They are set to hit the Barrowland on Tuesday night for their biggest headline Scottish show yet.
But the High Hopes outfit are already aiming to fit in another gig on the same day - and might even busk in Buchanan Street if they have to.
"Busking is one of the hardest things to do, it can be intimidating just standing there and 90% of people are just going to walk by," says singer Steven Garrigan, who often busked on the band's American tour last year.
"That's similar to the music industry. Then you get others who stop and appreciate it, and that's what it's about.
"We might do it in Glasgow, I think every time we have played Glasgow we have gone to an acoustic night or a bar afterwards, or played outside the venue."
As Steven says, the band has history in putting on secret shows, including appearing at an East Kilbride bar last year as a warm-up for T In The Park.
At that stage in their career the Dublin foursome - Steven, Jason Boland, Vincent May, Mark Prendergrast - were on the rise, and they have just kept getting higher since then.
Debut album In A Perfect World went Top 3 in the charts, they have been picked to support Kings of Leon at the American rockers' upcoming Irish gig, and their American tour featured a string of sold-out gigs.
They have even been roped in to help boy band superstars One Direction for their next album.
Steven reckons it's all down to the emotion that runs through their songs, and he doesn't mind putting his personal feelings under the spotlight.
"Sometimes it's difficult to be singing the lyrics every night, but it's more daunting the first time I play them," he says.
"A song is like a brick wall, you can hide behind a song when you're pouring your heart out - people can be so opinionated about songs and like them in different ways, and when people like a song it's not really yours anymore."
For years the group felt like they were hitting a brick wall, not hiding behind it. Steven and school friend Mark formed pop band 21 Demand in their teens, even topping the Irish charts with single Give Me A Minute.
Yet they weren't happy, and formed Kodaline, placing more of an emphasis on big, anthemic tunes with huge sing-a-long choruses.
Their hard work has paid off, but focusing on music wasn't easy for Steven, who dropped out of college to follow his music dreams.
"I come from a college-orientated family and am the only one who's dropped out, so it was scary to tell my parents I'd done that," he says.
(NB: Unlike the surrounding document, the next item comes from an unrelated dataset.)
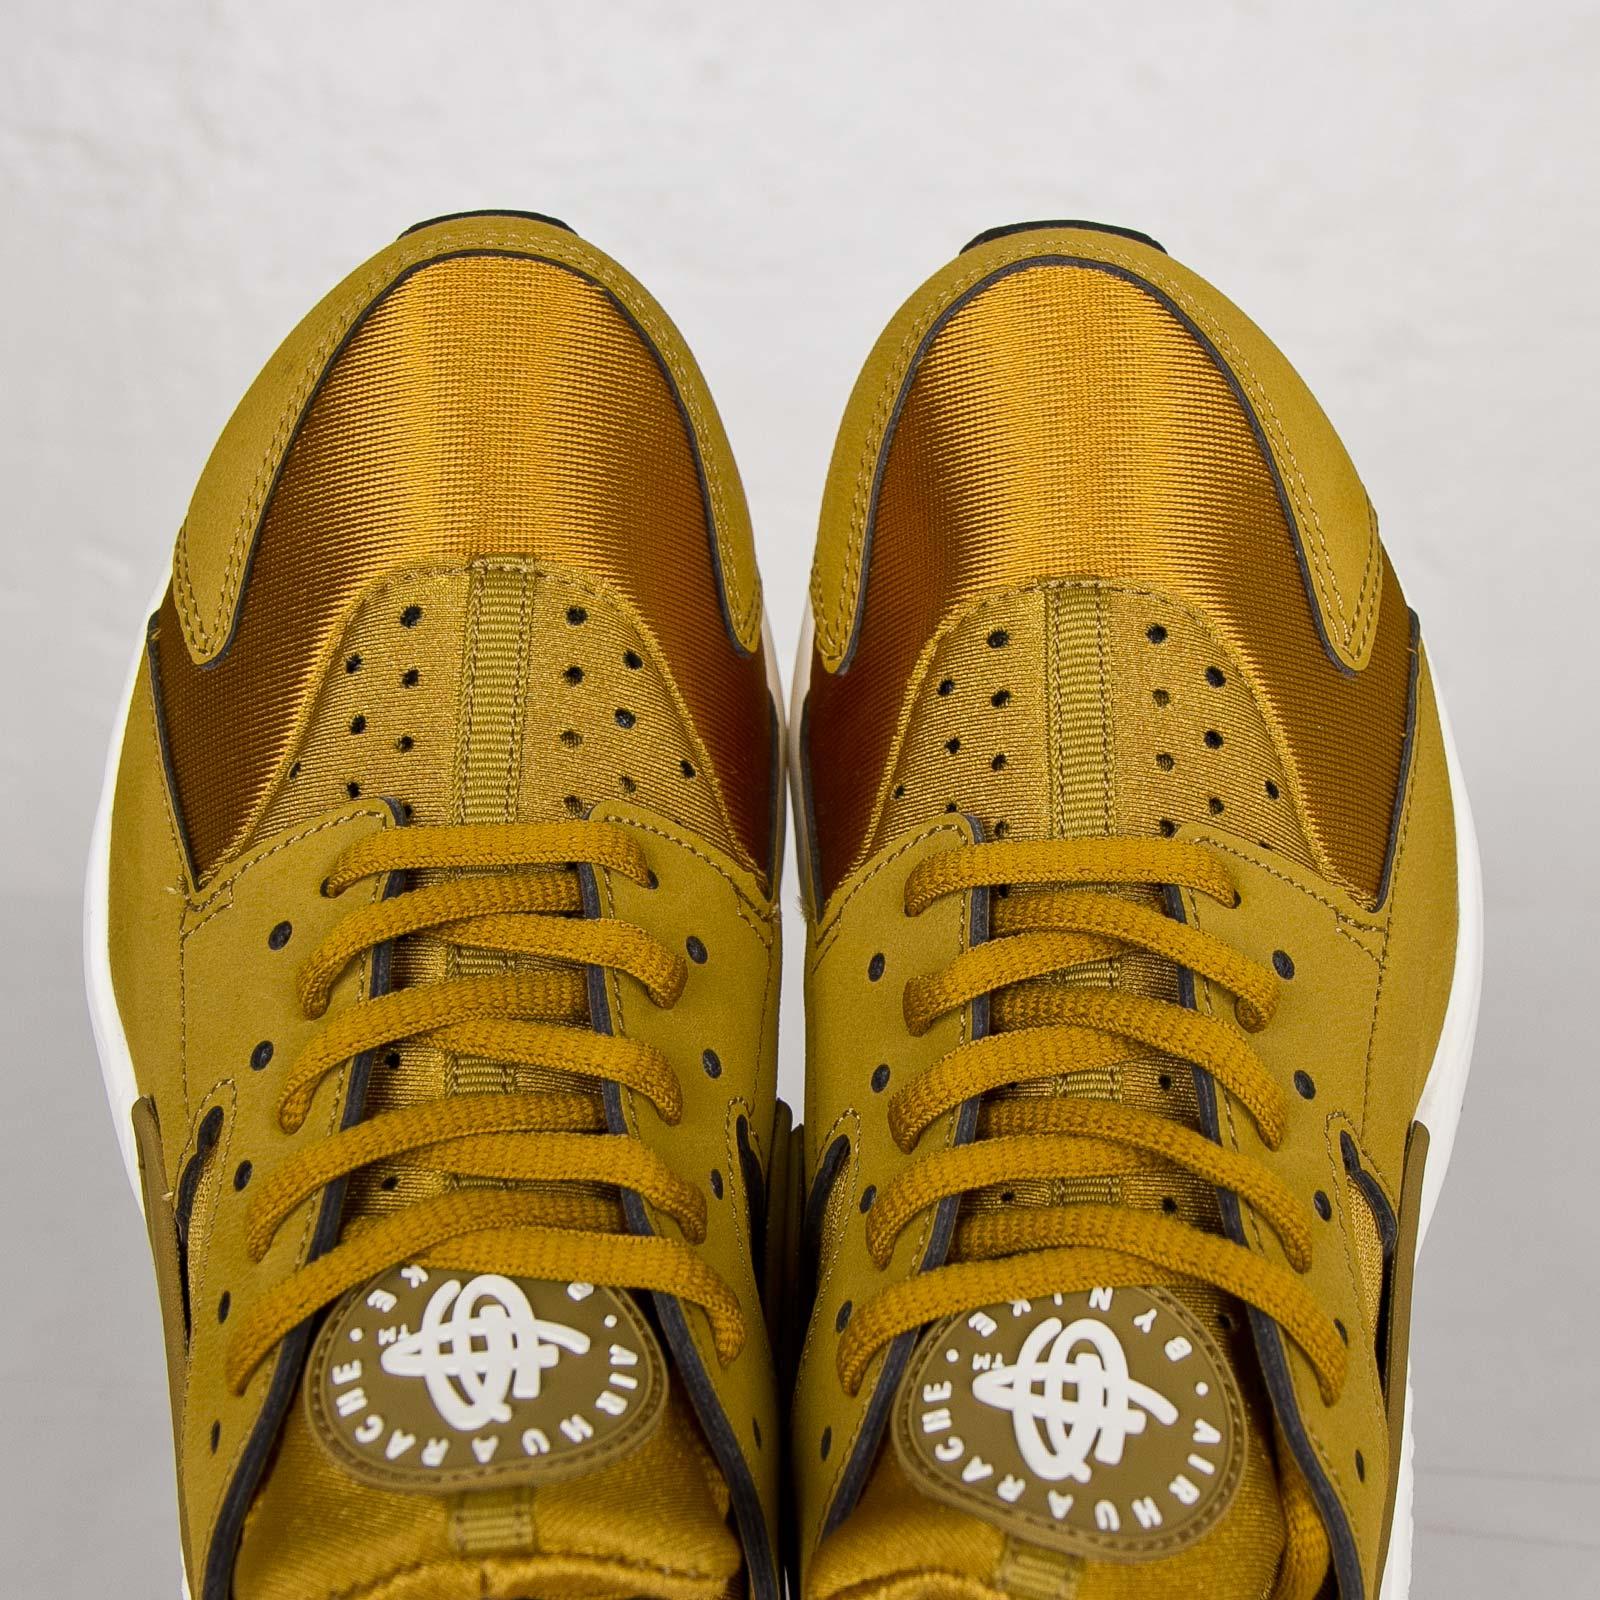 c70998a69426 Nike Wmns Air Huarache Run - 634835-700 - Sneakersnstuff

"When you think of the bigger picture though, there are bigger struggles than that going on in the world, and I'm fortunate to have good friends and family. So I took a step back and thought why am I worried about this? I switched off for a few months and then channelled that into the music."
Now the focus is on channelling his energy into their current tour and then a return to the studio, where they will start recording their second album in May.
Steven's optimistic their follow-up to In A Perfect World will move things forward for the group, without shaking the formula around too much.
"It's still lyrically about lots of things in the world from my point of view, but the sounds have changed," he adds.
"I'd like to think it's better because we are growing up as a band, we've travelled the world and met a lot of new people, so we could write an anthology about those experiences. It will be different but we're not going to do an instrumental funk album or anything like that."
As well as that they've helped to pen a tune or two for One Direction, but Steven's more enthused when it comes to talking about another passion of his - the supernatural.
A huge horror movie fan (he lists his favourite as classic chiller Rosemary's Baby) the singer has been looking out for ghosts and ghouls…
"I'm obsessed with the supernatural," he says.
"Some of the studios we have played in are apparently haunted, although I'm still sceptical.
"I did go searching around and into the basement to see if I could find anything but I didn't see any ghosts."